Free Medical Advice Related to Laparoscopic Surgery

Undesended Testis on both sides
Discussion in 'All Categories' started by HARRY - Sep 6th, 2012 7:15 pm.
HARRY
HARRY
My son has undesended testis problem on both sides. He is now 2 years four months. he had operation on left side testis when he was 9 months, on right side doctor thought will come itself. we had appointment yesturday then docyor inform us right testis did not come down and left testis that they did operation is also not there.they suggest us to do operation again. please suggest us what is right, it will be safe or what we do. please contact me as soon as you can. Thanks
re: Undesended Testis on both sides by Sadhana Mishra - Sep 19th, 2012 6:52 am
#1
Sadhana Mishra
Sadhana Mishra
Dear Harry

You need to get laparoscopic orcheopexy done for your son. Undescended Testes.

I have discussed your case with our consultant and following is the information.

Undescended testicle, or cryptorchidism (the failure of one or more testes to descend from the abdomen into the scrotum) is fairly common. The condition may occur at birth in males, and more often in boys born prematurely. It may also run in families. In many boys, the testis will eventually move down to the normal position, generally within the first six months of life.

Boys are examined after birth to check the position of the testicles. Once an undescended testicle is discovered, it is watched for about six months. If it does not come down, surgical treatment is recommended.

Sometimes older boys will appear to have an undescended testicle even though previous examinations were normal. This is not uncommon, since it is a normal reflex for the testicle to pull upwards under some conditions, starting later in infancy and continuing until puberty. These "retractile" testes do not need surgery if they are clearly down in the scrotum at least part of the time.

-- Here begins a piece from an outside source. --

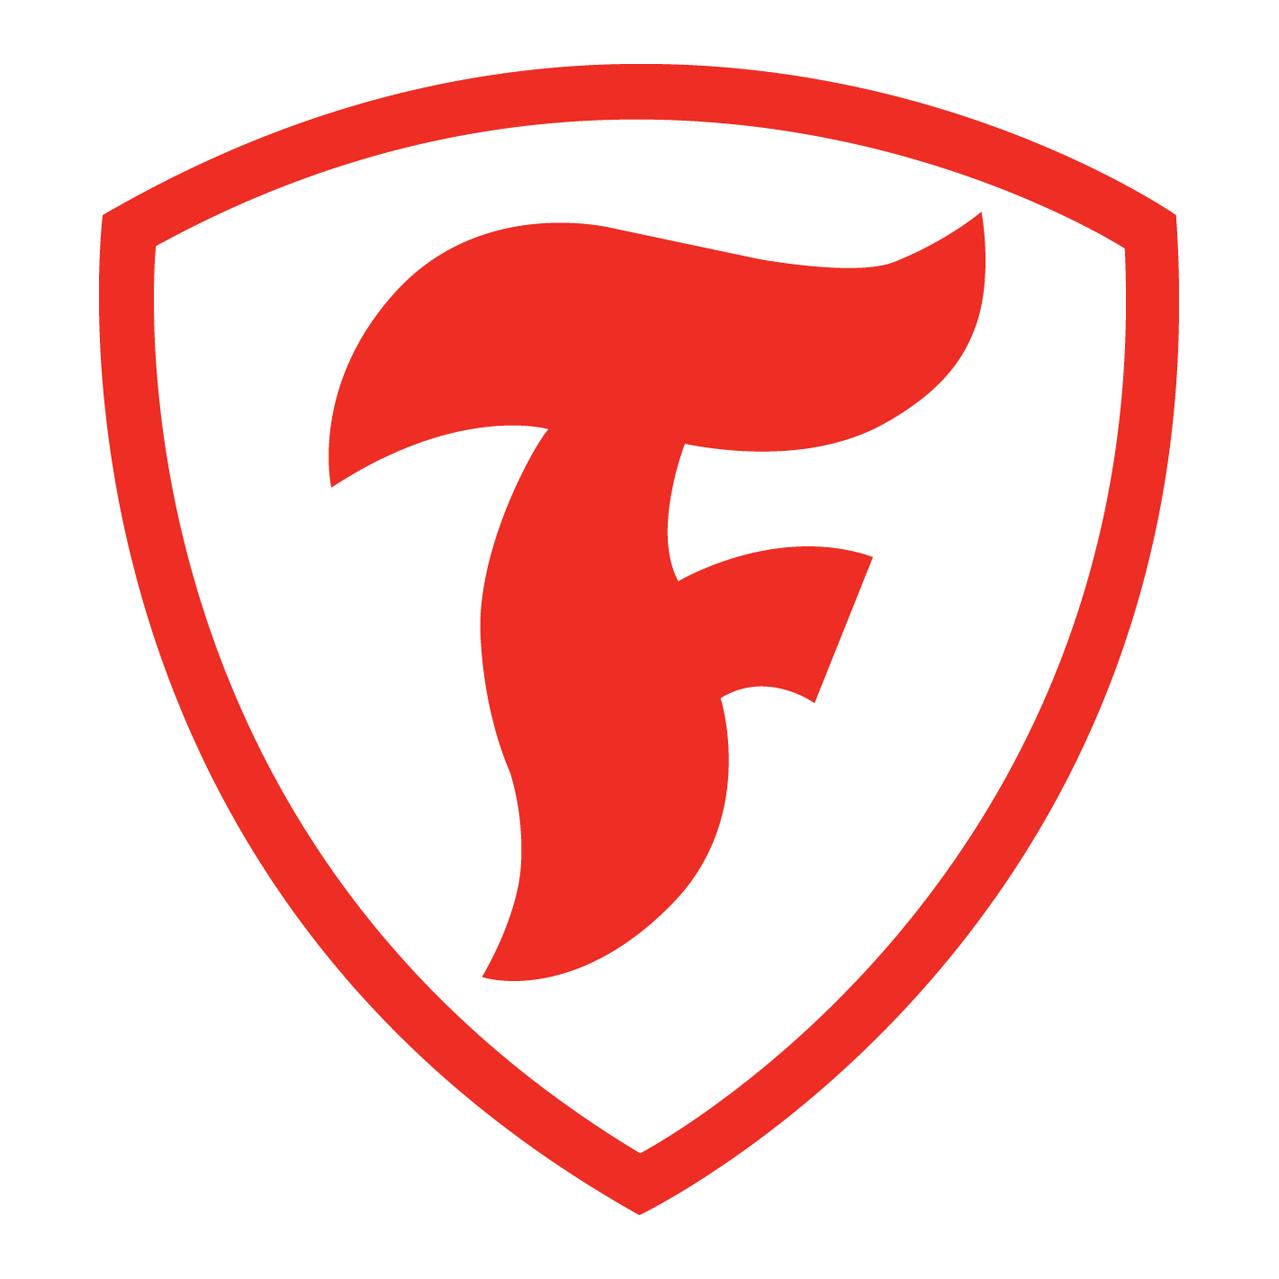 Firestone - Dòng Sản Phẩm Của Bridgestone

After about one year of age, a testicle that has not settled in the scrotum will start to lose some if its fertility potential. If it remains undescended, it may lose its ability to make sperm entirely. Although most boys with one undescended testicle will be able to have children, many of those who have the problem on both sides may be infertile. Moving the testicle to the normal position early in life reduces this risk of infertility.

A hernia is more likely to develop on the side of an undescended testicle. This is because the testicles form in the abdomen, and descend before birth in most cases. In undescended testicles, the connection between the testicle and the abdomen often fails to close as it normally does. Also, torsion (twisting) of the testicle is more likely to occur, which can result in loss of the testicle. There is also a slightly increased risk of testicular cancer in testicles that are undescended. However, since testicular cancer is rare to begin with, it is still uncommon in men who had an undescended testicle. The risk is higher if the testicle was in the abdomen, and there is some evidence that bringing the testicle down during early childhood may reduce this risk.

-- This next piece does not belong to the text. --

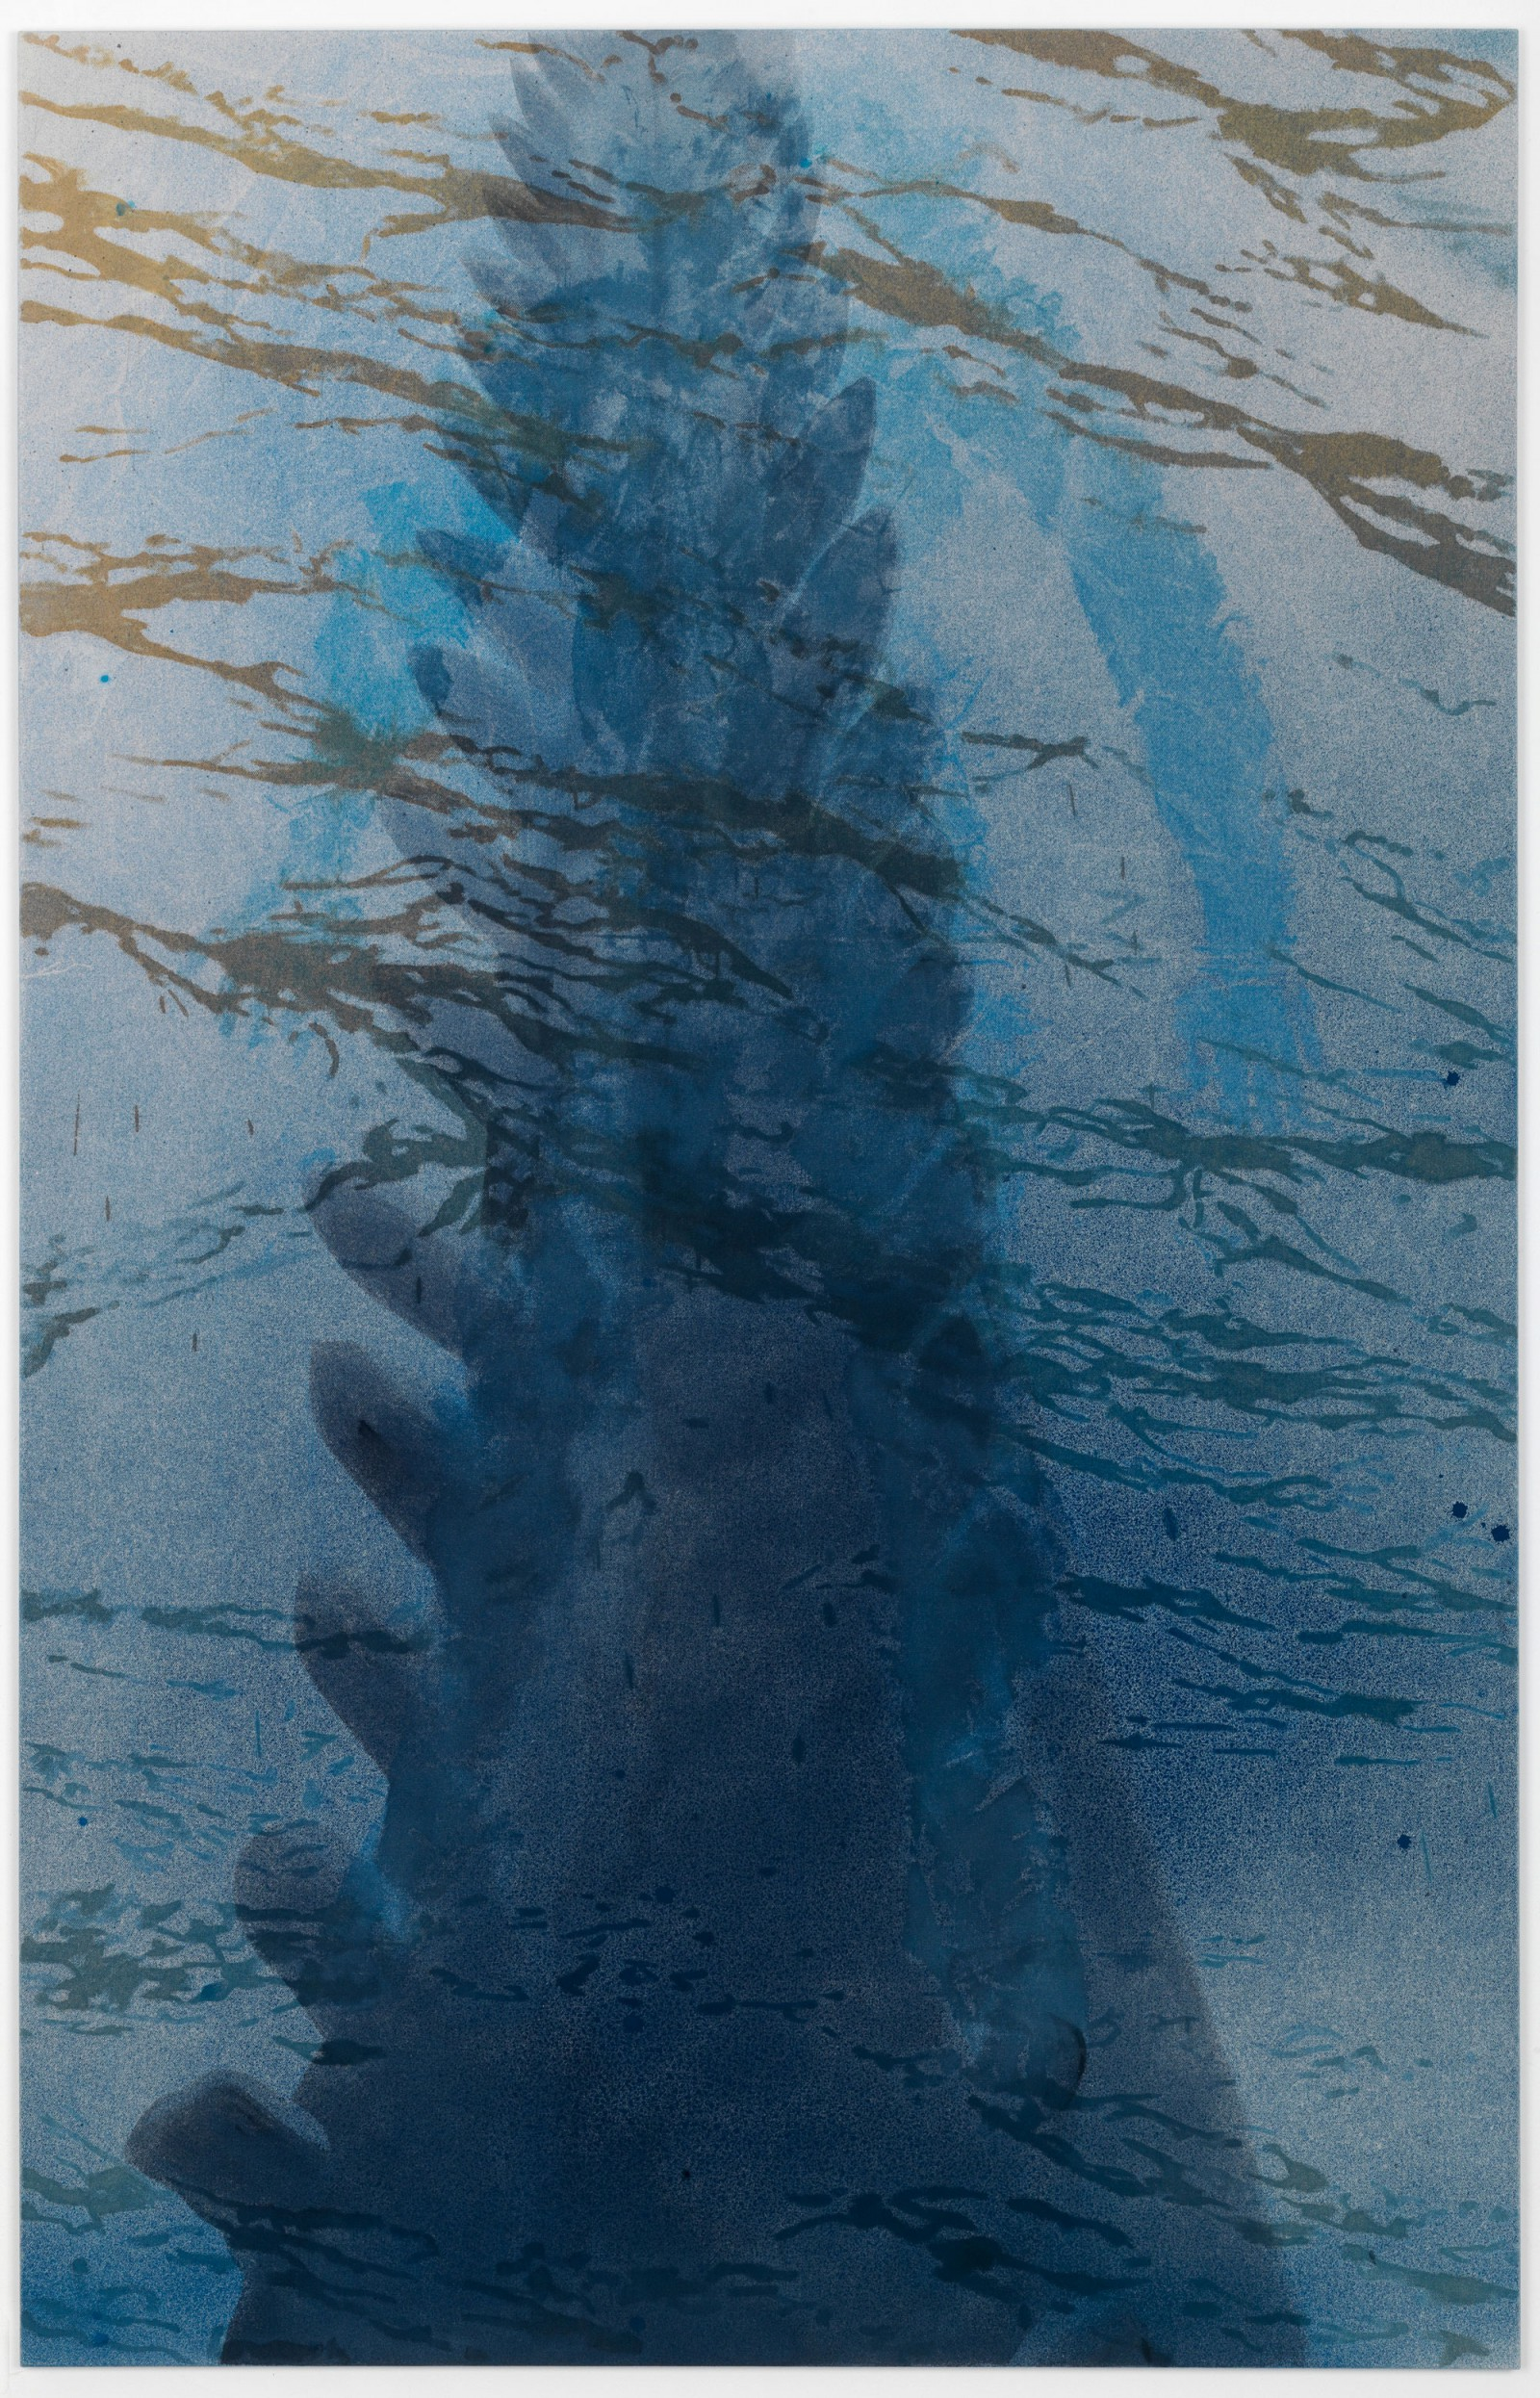 Kim Nekarda: ketos, 2010, vinyl color, poppy oil & body print on cotton, 210 x 140 cm, private collection, lingen

Surgery is recommended to bring the testicle into the scrotum in order to:

Improve its chances of producing sperm in adulthood
Prevent body-image concerns in the child
Reduce the risk of twisting and hernia
Provide optimal position for regular cancer screening
An undescended testicle may require laparoscopic surgery to determine its location or to verify its existence. If the testicle cannot be felt at all, the belly is examined with a laparoscope (a special telescope used to look inside the body) through a three millimeter incision. If the testicle did not ever form in the first place, the laparoscopy is conclusive. If a testicle is seen in the belly, it can usually be brought down into the proper position through two additional small incisions using miniature instruments.

If the testicle can be felt in the groin, an orchidopexy can be performed. This is an outpatient surgery under anesthesia in which one or more incisions are made through the groin. The tissue supporting the testicle is divided, any hernia is repaired, and the testicle is placed in the scrotum through another tiny incision.